- Kategori
- Anılar
12 Eylül 1980... Beş kala, on geçe.
Mahalle halkı ( 3 ) Karslılar.
Bizde Karslı olduğumuz halde, mahallede sürekli kavgalı olduğumuz ikinci aileydi ve bayağı kalabalıktılar. Mahallede bizimle ve Eskişehirlilerle birlikte ilk ev yapanlardandılar.
Zabıta Cemal amcanın Şemsettin’i, onunda ağabeylerini tetiklemesi ile mahalleden arsa çevirmişlerdi.
Şemsettin Belediyede çalışıyordu, çok uyanık, hain, kurnaz, tilki gibi bir adamdı. Abisi Nurettin amcayı ve diğer ağabeylerini Kars’tan ve Almanya’dan getirip mahalleye yerleşmelerine ön ayak olmuştu. Elinden gelse bütün akrabalarını mahalleye yığardı. Ancak çoğu mahalleli gibi kendi akrabaları da onu pek ciddiye almazdı ki hep yalnız kalırdı. Sevilen bir adam değildi. Bu Şemsettin ilerde sayfalarımızı bol bol işgal edecek.
Şemsettin’in amcasının oğlu olduğunu sandığım Zabıta Cemal Amca ve onun kardeşi Celal amcada mahalleye ev yapmışlardı. Cemal amcanın evi daha çok Kurudere’ye Hacer Teyzemlere yakındı. Zaten bizimde o mahallede arsa çevirmemize Zabıta Cemal amca ön ayak olmuş ve sonradanda kirvem olmuştu. Oğlu Yunus, kızı Ayşe, hanımı Hürnüse Teyzeydi.

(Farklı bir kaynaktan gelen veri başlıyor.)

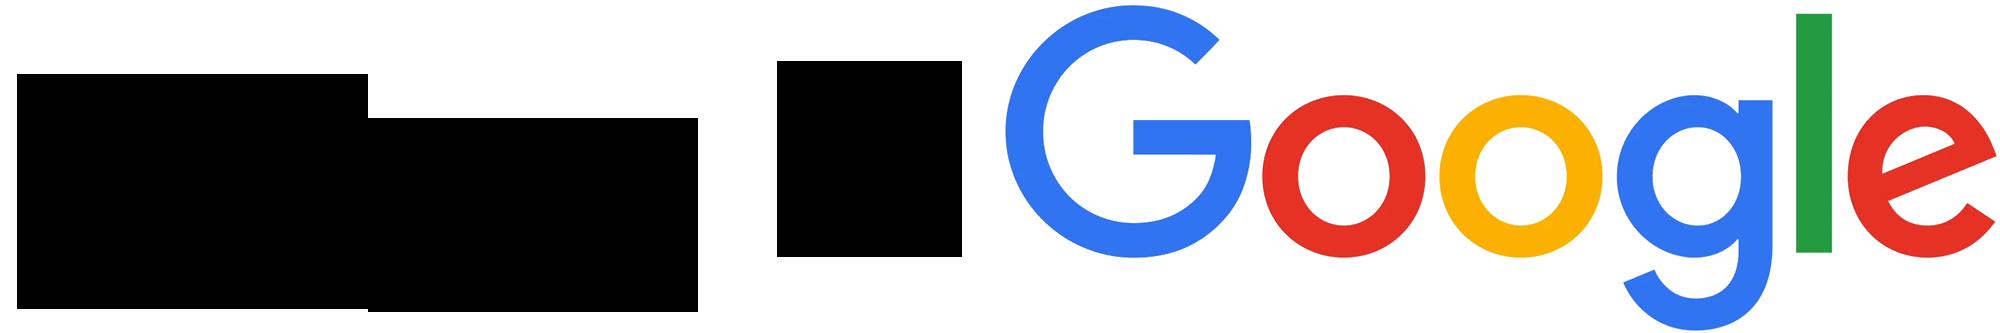 Start.be Dochters met kwaliteit links Pictures Google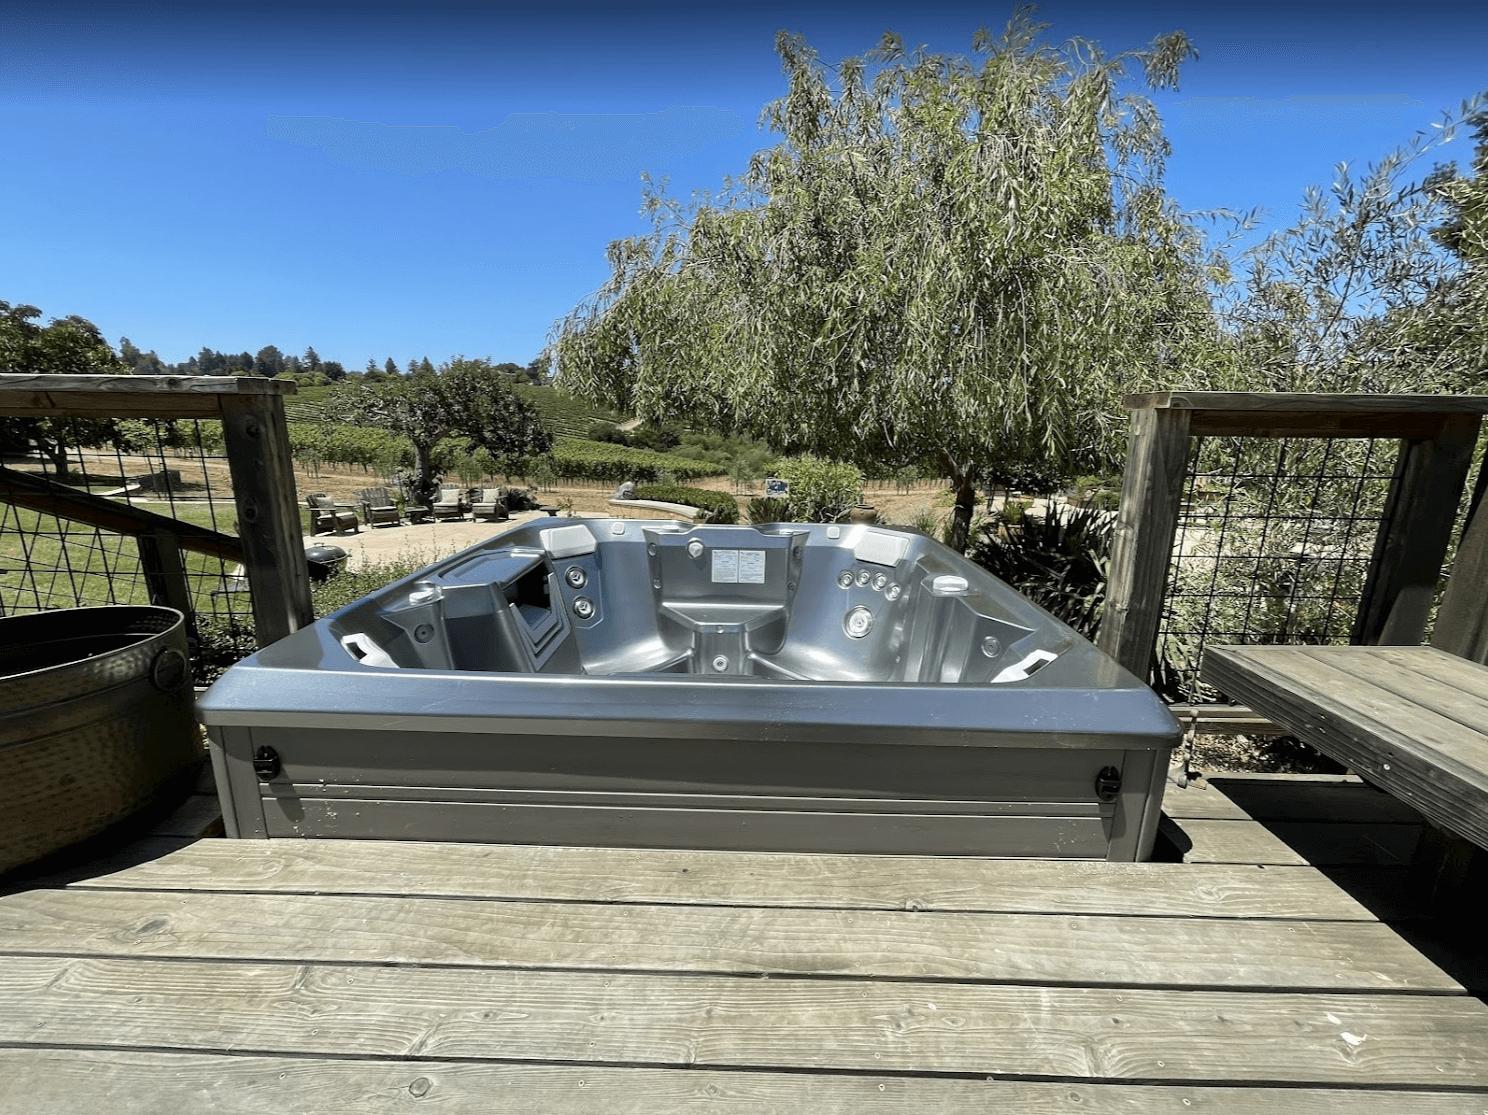 santa-rosa-hot-tubs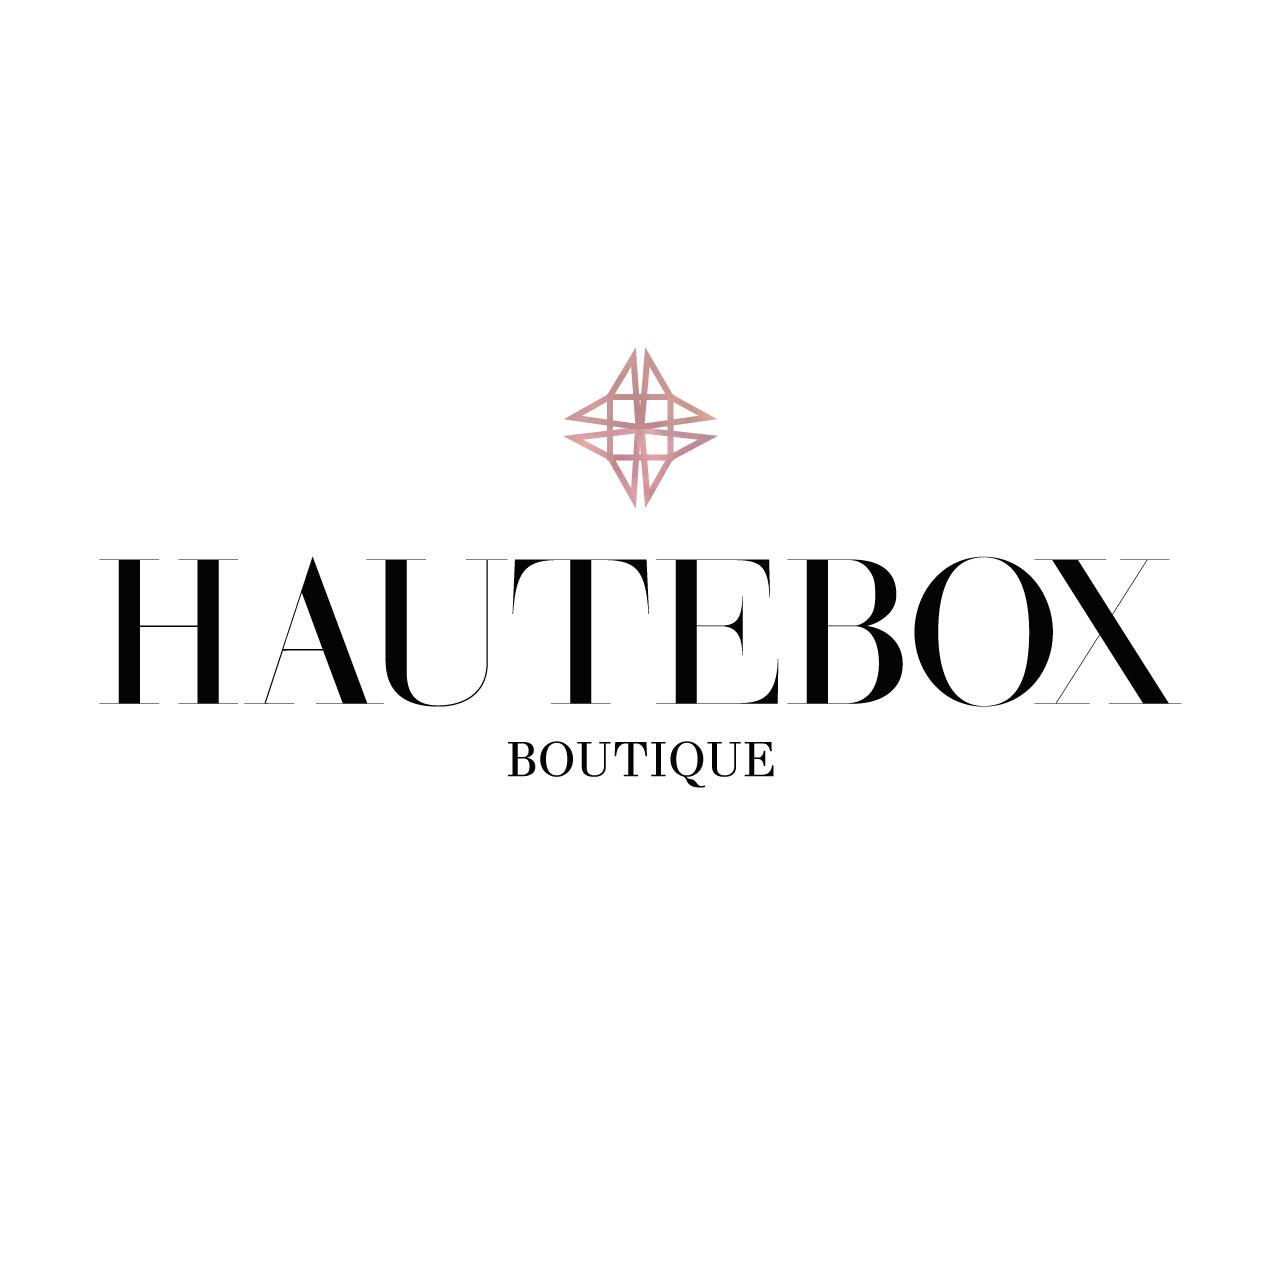 Hautebox Boutique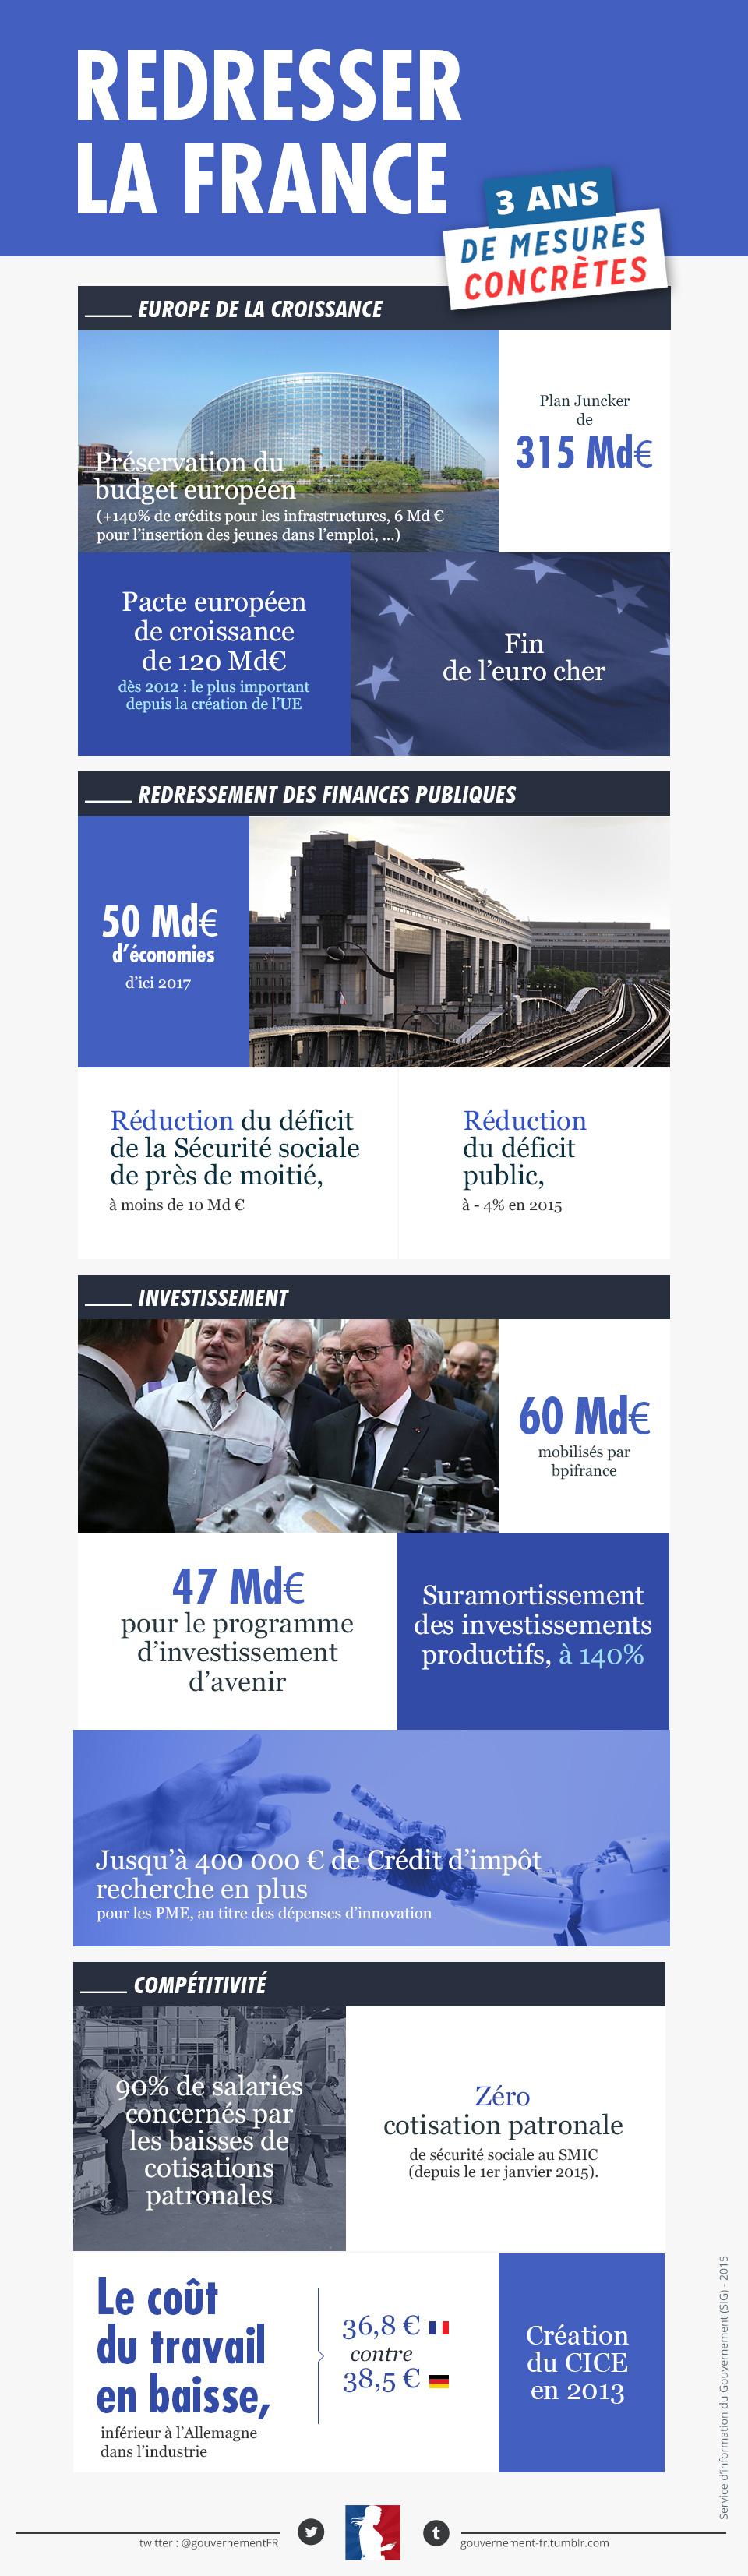 Infographie sur les actions concrètes pour redresser la France depuis 3 ans - voir en plus grand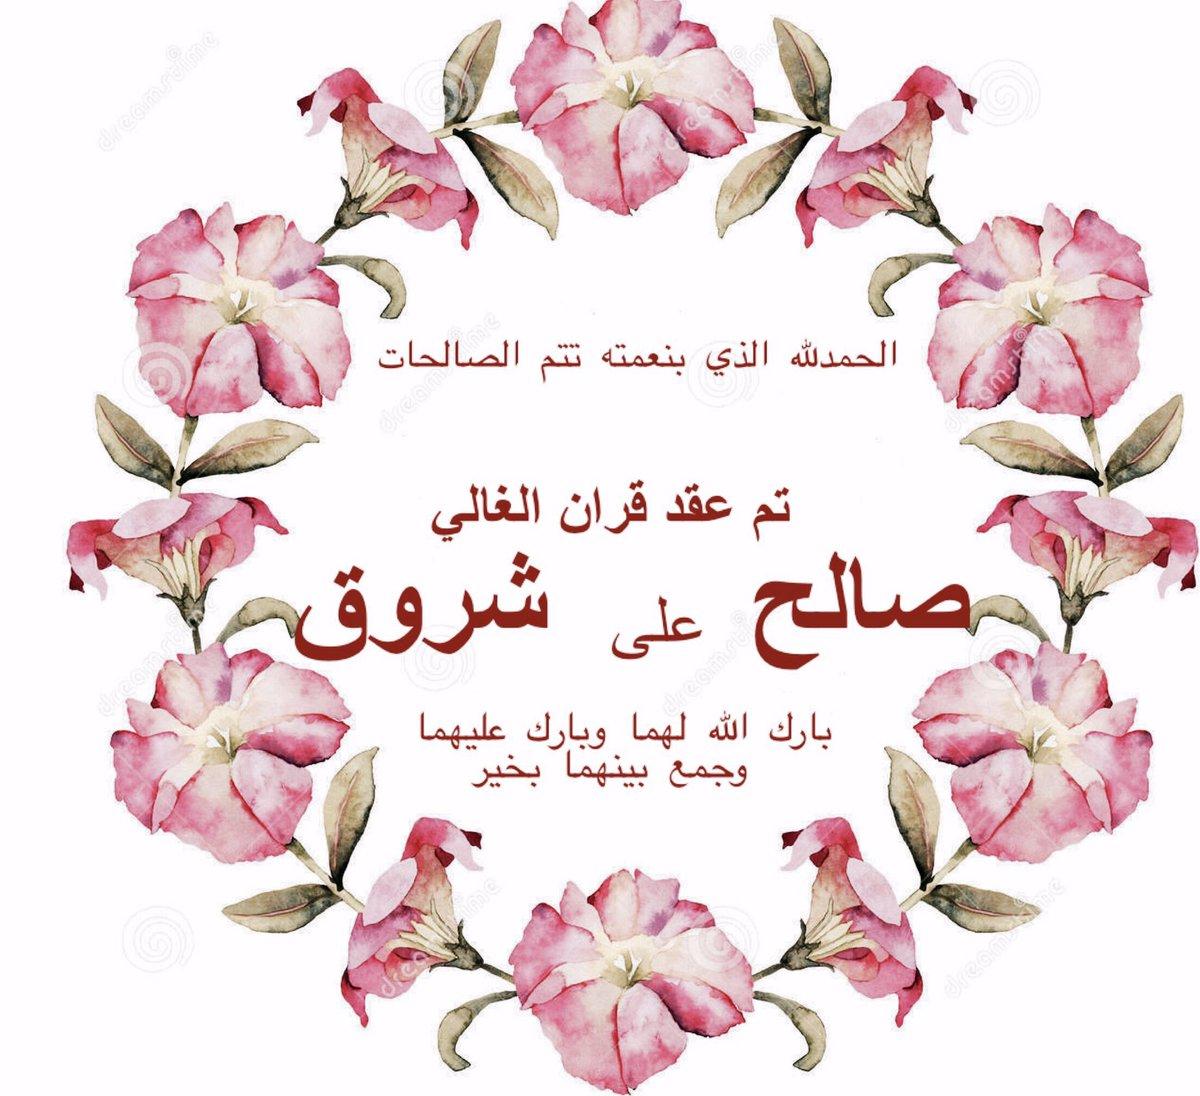 نعيمه بنت ابراهيم A Twitter بارك الله لكما وبارك عليكما وجمع بينكما بخير الحب دعاء الجمعه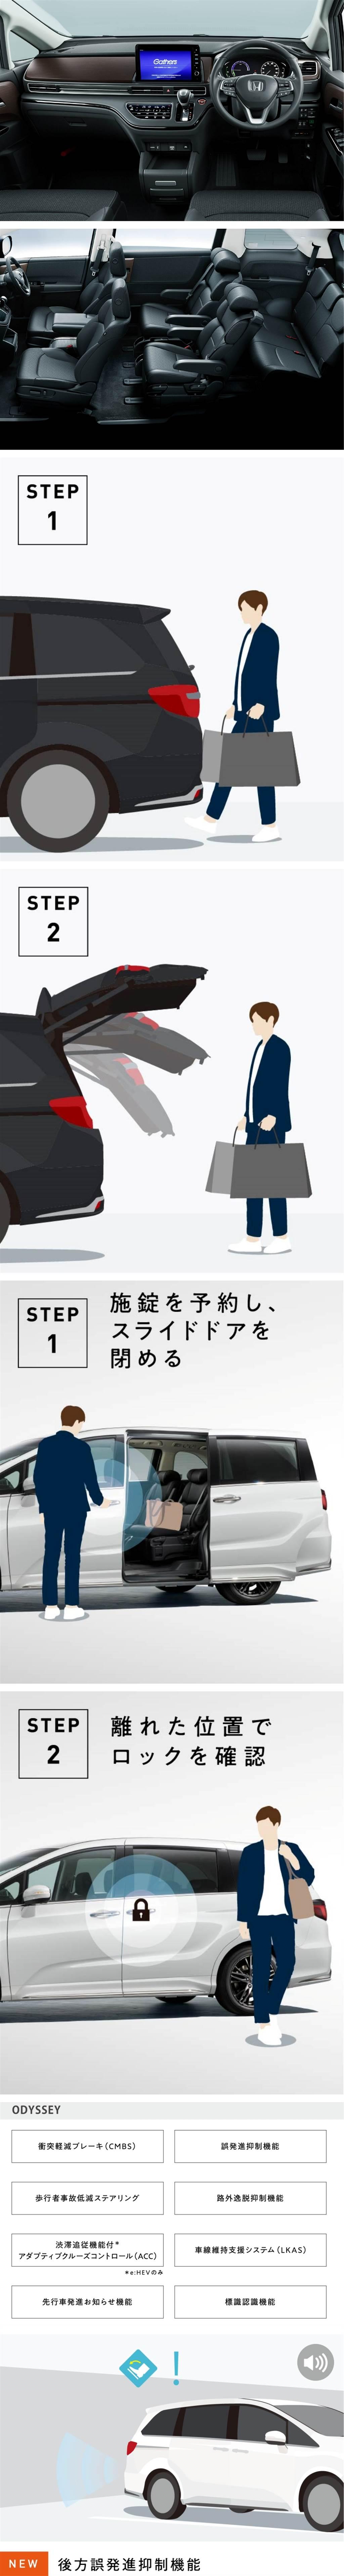 Honda Odyssey 二度改款資訊再度釋出、手勢控制/預約鎖定電動側滑門為最大亮點

Daha sonraları mahalleye bacanağı Müslüm amca ve ailesi de taşındı, ama onlar iz bırakmadılar silinip gittiler. Okuduklarınız iz bırakanları anlatır.
Nurettin amca mahallenin bakkalı ve Karslıların en büyüğü idi. İçlerinde o biraz sevilirdi mahalleli tarafından, bizim ailede de o sevilirdi. Hafif göbekli kafasında saç olmayan çok becerikli eli çabuk bir adamdı. Uzun yıllar CHP delegeliği yaptığı söylenirdi. Bir keresinde küçük bir eski varilden soba yapmıştı bakkalın önünde ve ben baştan sona zevkle seyretmiştim. Köylerinde sobacı ustası imiş.
O kadar uyanık bir adamdı ki mahalle ilk kurulduğunda kimsenin evinin önünde çeşme yokken o bakkalın önüne bir çeşme yaptırmış ve mahalleliye su kullandırarak, kendi kullandığı suyun parasını da mahalleliye ödetmişti. Fakat yinede Şemsettin kadar antipatik değildi. Eşi Banı teyze, oğulları Sebahattin, Mustafa, Adnan ve kızları Gülsen ile Günay vardı. Mustafa ve Sabahattin Kars tan geldiklerinde nedenini pek hatırlamıyorum, bir müddet bizde kalmışlardı ve annem bize nasıl bakıyorsa onlara da öyle bakmıştı. Sonraları Mustafa ve Sebahattin ile en az Nuri kadar samimi olmuştum. Ama hiçbir zaman onlar, Nuri kadar güvendiğim ve arkamı döndüğüm insanlar olamadılar ne yazık ki. Bu iki kardeşten sonraları bol bol bahsedeceğiz.
Karslılar çoğalıyordu, Nurettin, Seyfettin, Selahattin, Şemsettin, Neco, birde bunların köylüm diye çağırdıkları köyden en son gelen fakat yukarda saydıklarım kadar mahalleye adapte olamamış bir amcaları daha vardı ki onun pek izi yoktur. Pek tanıma fırsatım olmamıştı kendisini. Sonra bu kardeşlerin çocukları, yeğenleri, bacanak, kayınço, dayı oğlu, amca oğlu yenge hala yengelerin kardeşleri v.s. yerleştiler mahalleye. Çok kalabalıktılar.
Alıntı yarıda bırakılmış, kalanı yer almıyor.